Figure 5.. Population-Scale Inference from Public Datasets.
We called SVs and indels with our pipeline in a cohort of 31 samples from diverse ancestries and sequencing technologies and used Jasmine as well as five prior methods to combine the individual samples’ SVs into a population-scale callset. a.) The number of variants obtained with each merging software across 100 runs with the list of input VCFs randomly shuffled each time. b.) The distribution of the range of breakpoints of variant calls merged into single variants by each software, excluding unmerged variants. c.) The number of intrasample merges within single merged variants, defined as the number of variants minus the number of unique samples, for each software. d.) The allele frequency distribution of variants merged by Jasmine. e.) The number of variants discovered by Jasmine as the number of samples increases. f.) The distribution of variant types and lengths in the cohort when using Jasmine. g.) The number of SVs in the cohort in 1Mbp bins across the human genome.
Figure 6.
Figure 6.. Functional impact of SVs from Jasmine.

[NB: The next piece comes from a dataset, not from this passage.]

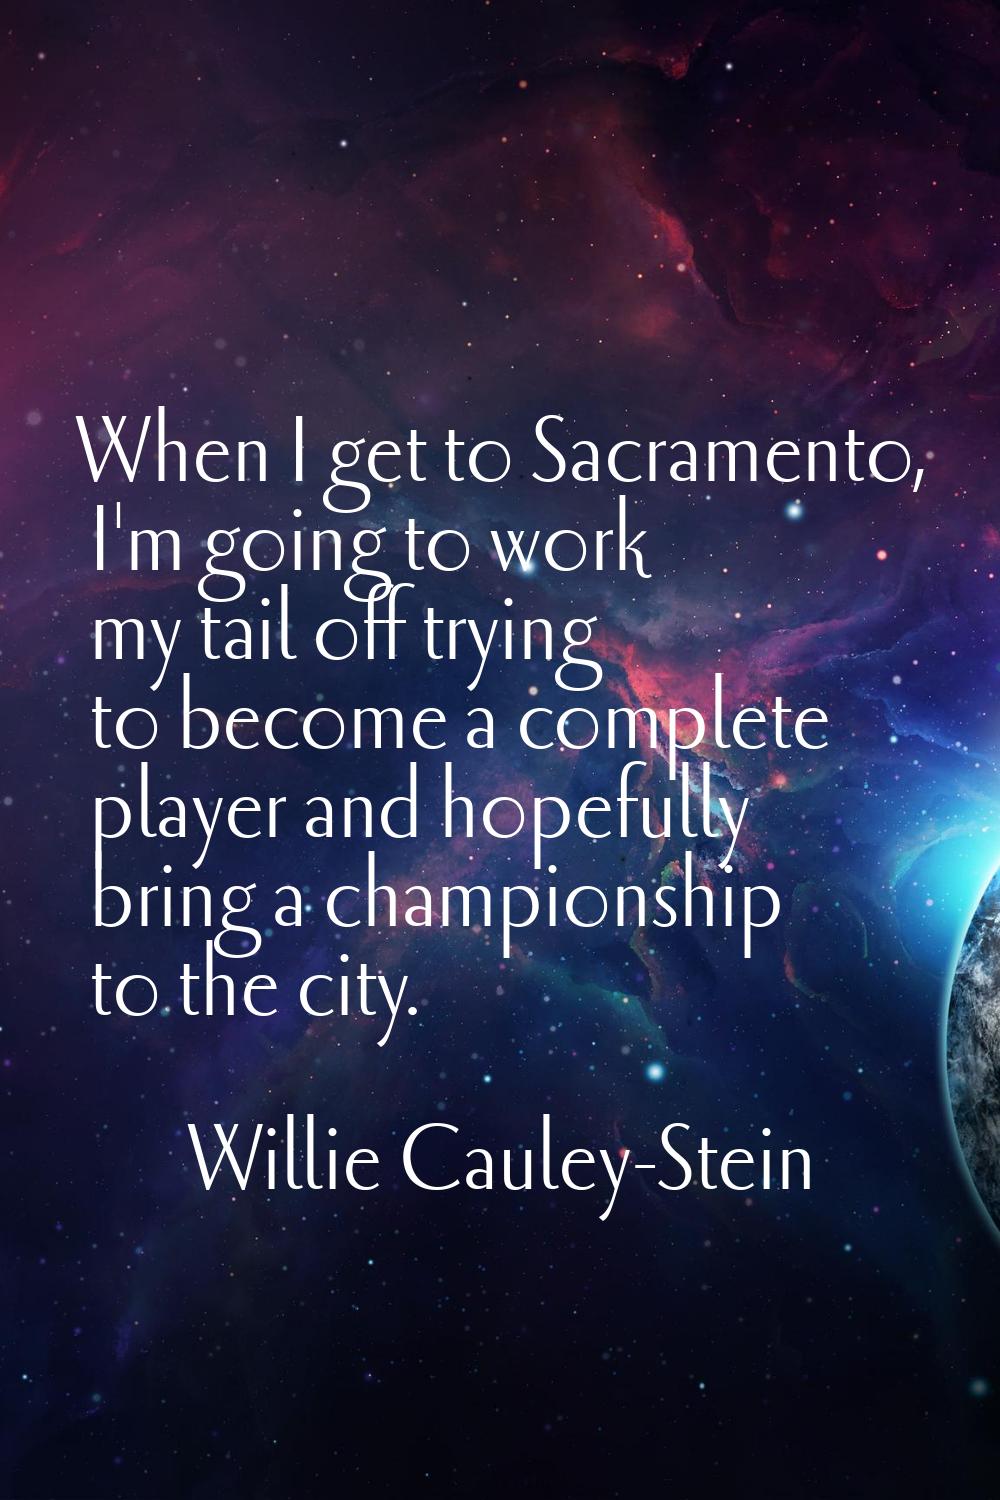 When I get to Sacramento, I'm going to work my tail off trying to become a complete player and hope

We used Paragraph to genotype SVs and indels from the cohort of 31 samples in 873 samples from the GTEx Consortium which have RNA-seq data in multiple tissues. We used 48 tissues in our analysis with sufficient samples. a.) Number of variants detected per sample for genotyped SVs and indels (Jasmine) versus SVs reported in the GTEx SV dataset after HWE filtering. Note short read-based SV calls are not available for all samples so some samples only display the counts using Jasmine. b.) Distribution of the number of tissues an SV-gene pair is found as a significant eQTLs (FDR correction at 5%). We further plot the distribution for SV-gene pairs with significant eQTLs where the SV has the maximum CAVIAR score compared to all flanking SNPs. c.) Genotype and gene expression distribution in GTEx samples with expression in testis for the HACL1-associated deletion (n=318). d.) Manhattan plot for SNPs and the novel SV near HACL1, with the log10 p-value measured by a generalized linear model accounting for GTEx covariates. The annotated variant is the top variant, 1_0_16114_del, and points are colored by LD to this variant. For c,d, we used 318 individuals with both SV calls and RNA seq in testis tissue. e.) Genotype and gene expression distribution in GTEx samples with expression in whole blood for DDTL-associated deletion (n=666). f.) Manhattan plot for SNPs and the novel SV near DDTL, with the log10 p-value measured by a generalized linear model accounting for GTEx covariates. The annotated variant is the top variant, 0_0_078802_del, and points are colored by LD to this variant. For e,f, we used 666 individuals with both SV calls and RNA seq in whole blood samples. Examples c and e were selected based on a two-sided t-test to assess nominal p-value of a variant gene pair after gene-level Bonferroni multiple hypothesis testing corrections at FDR 5%. Boxplots describes the 1st to 3rd quartile of the expression z-score distribution and the whiskers describes 1st quartile - 1.5 * IQR and 3rd quartile + 1.5 * IQR centered on the mean expression value of each genotype group.